SUPPLIED INFORMATION:
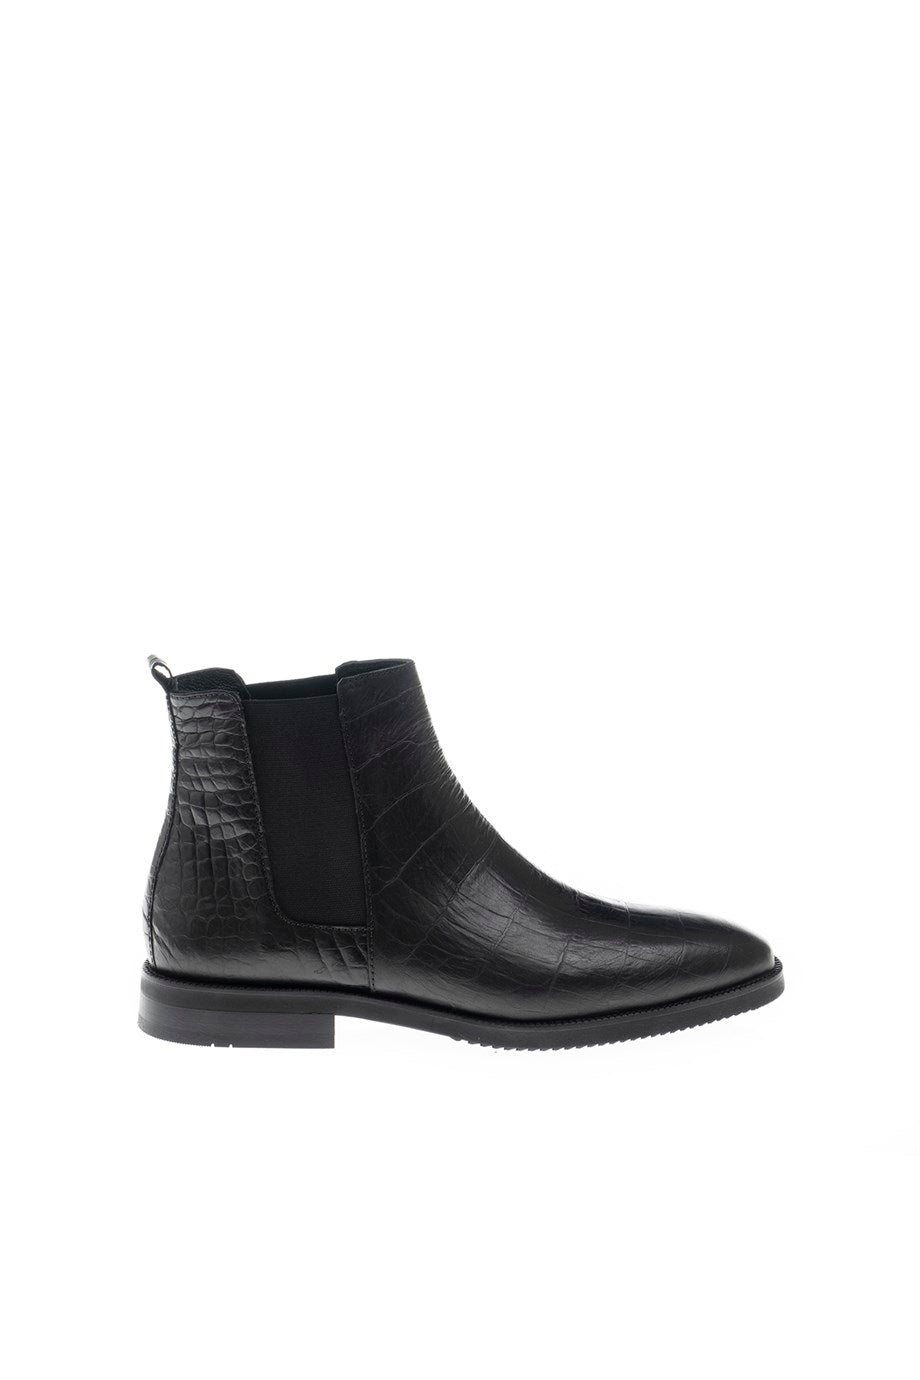 Eva Sole Crocodile Patterned Boots - MENSTYLEWITH
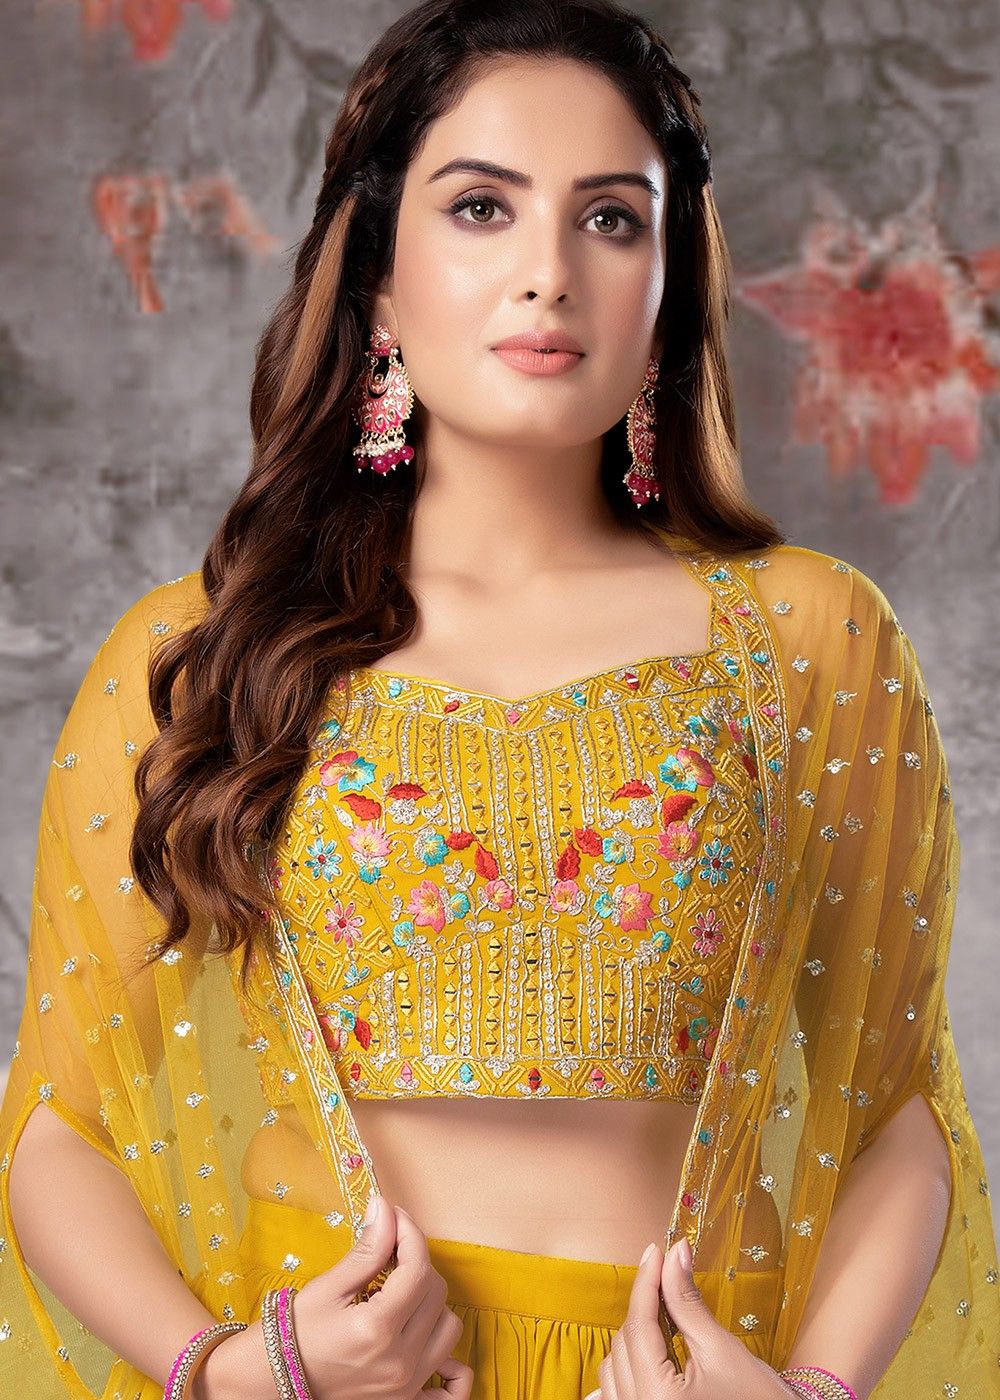 Khodal Textile Embroidered Semi Stitched Lehenga with Jacket - Buy Khodal  Textile Embroidered Semi Stitched Lehenga with Jacket Online at Best Prices  in India | Flipkart.com
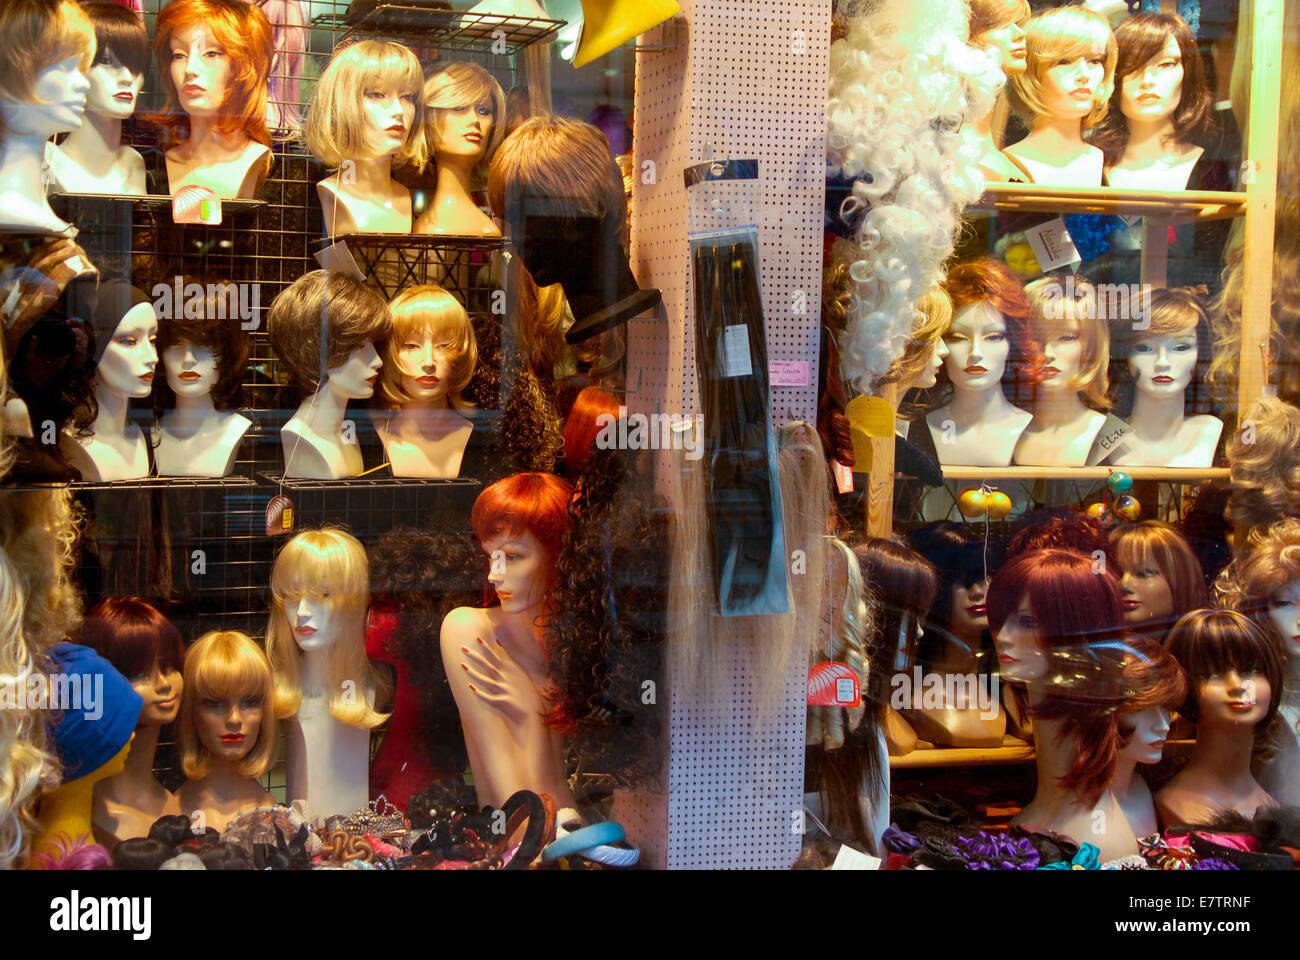 Window display of wigs for sale Stock Photo
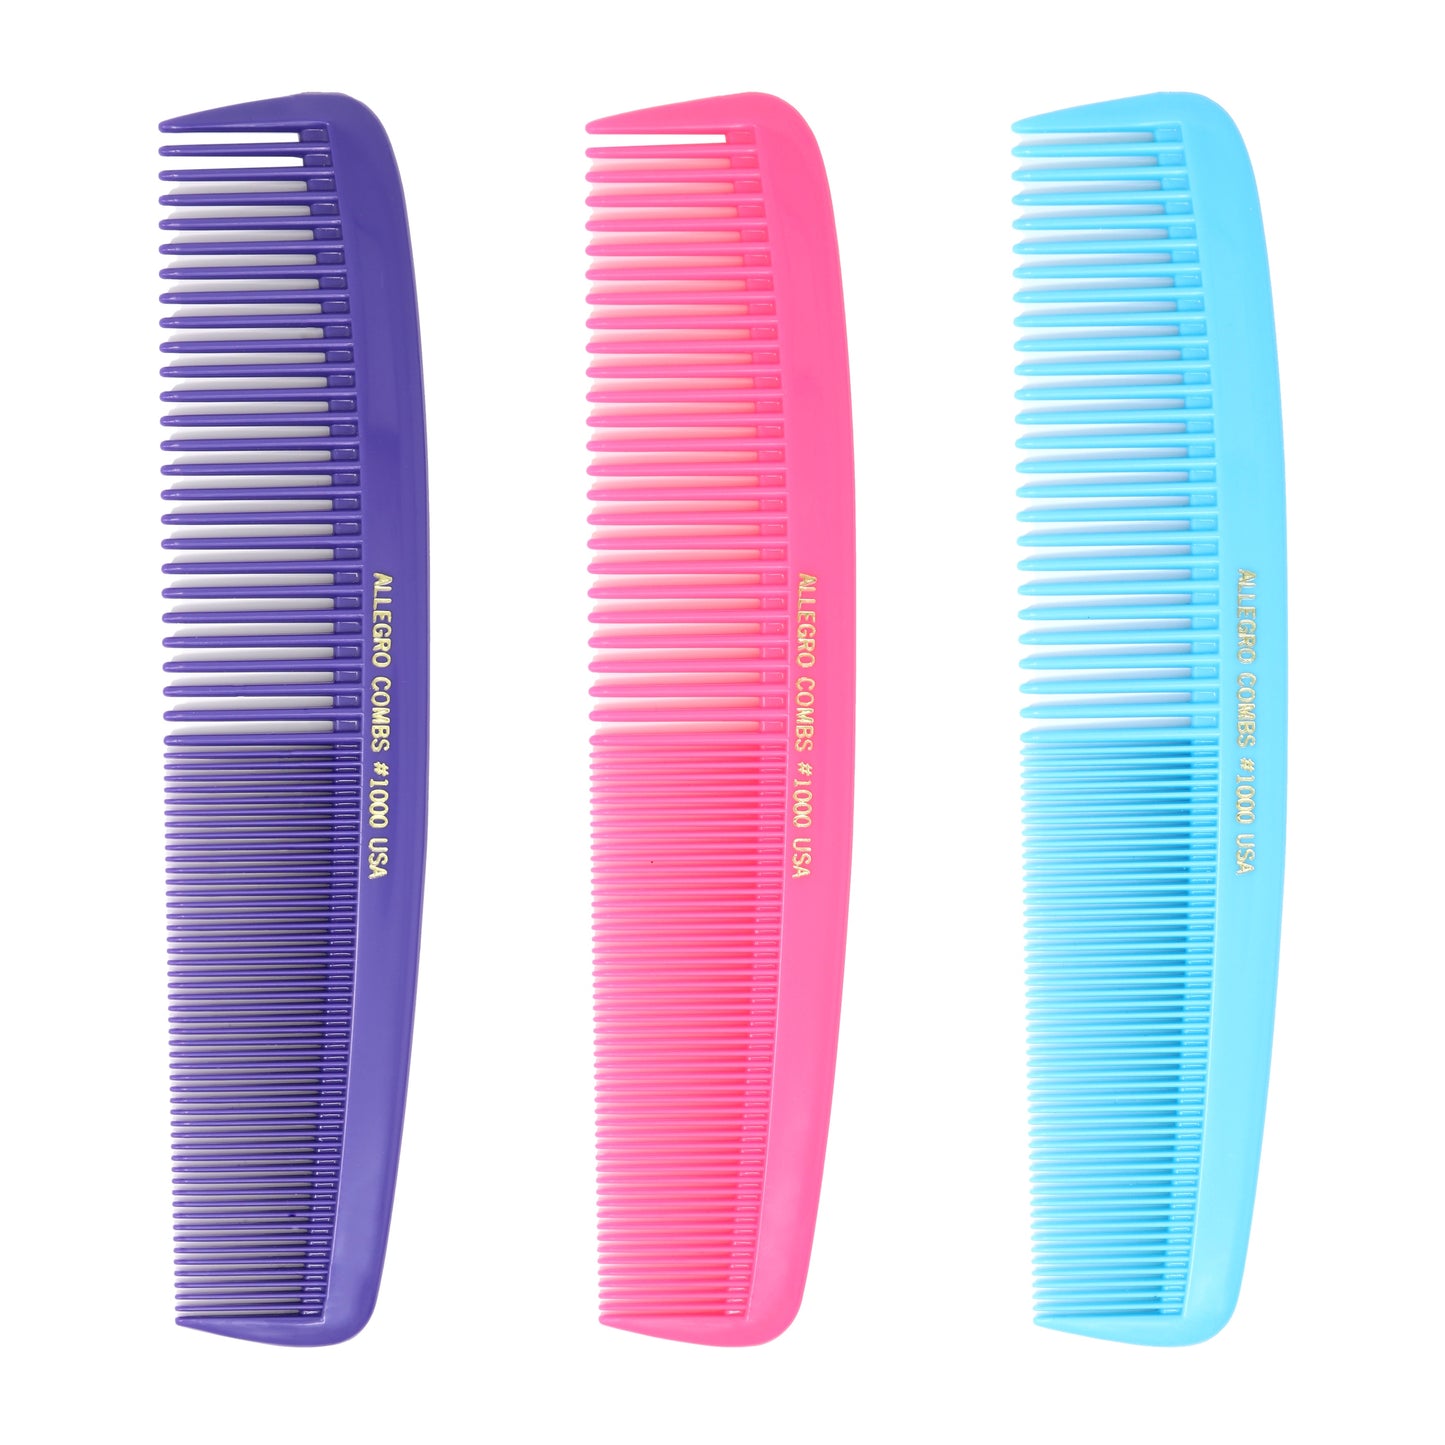 Allegro Combs 1000 X-Large Styling Comb Hair Cutting Barber Stylist Combs All Purpose Wide And Fine Tooth Made In The USA

GOAL OF THE EXERCISE: Please retype all of the material exactly, skipping whatever images it holds.

EXPECTED OUTPUT:
 Eva Sole Crocodile Patterned Boots - MENSTYLEWITH
 Khodal Textile Embroidered Semi Stitched Lehenga with Jacket - Buy Khodal  Textile Embroidered Semi Stitched Lehenga with Jacket Online at Best Prices  in India | Flipkart.com
 Window display of wigs for sale Stock Photo
 Allegro Combs 1000 X-Large Styling Comb Hair Cutting Barber Stylist Combs All Purpose Wide And Fine Tooth Made In The USA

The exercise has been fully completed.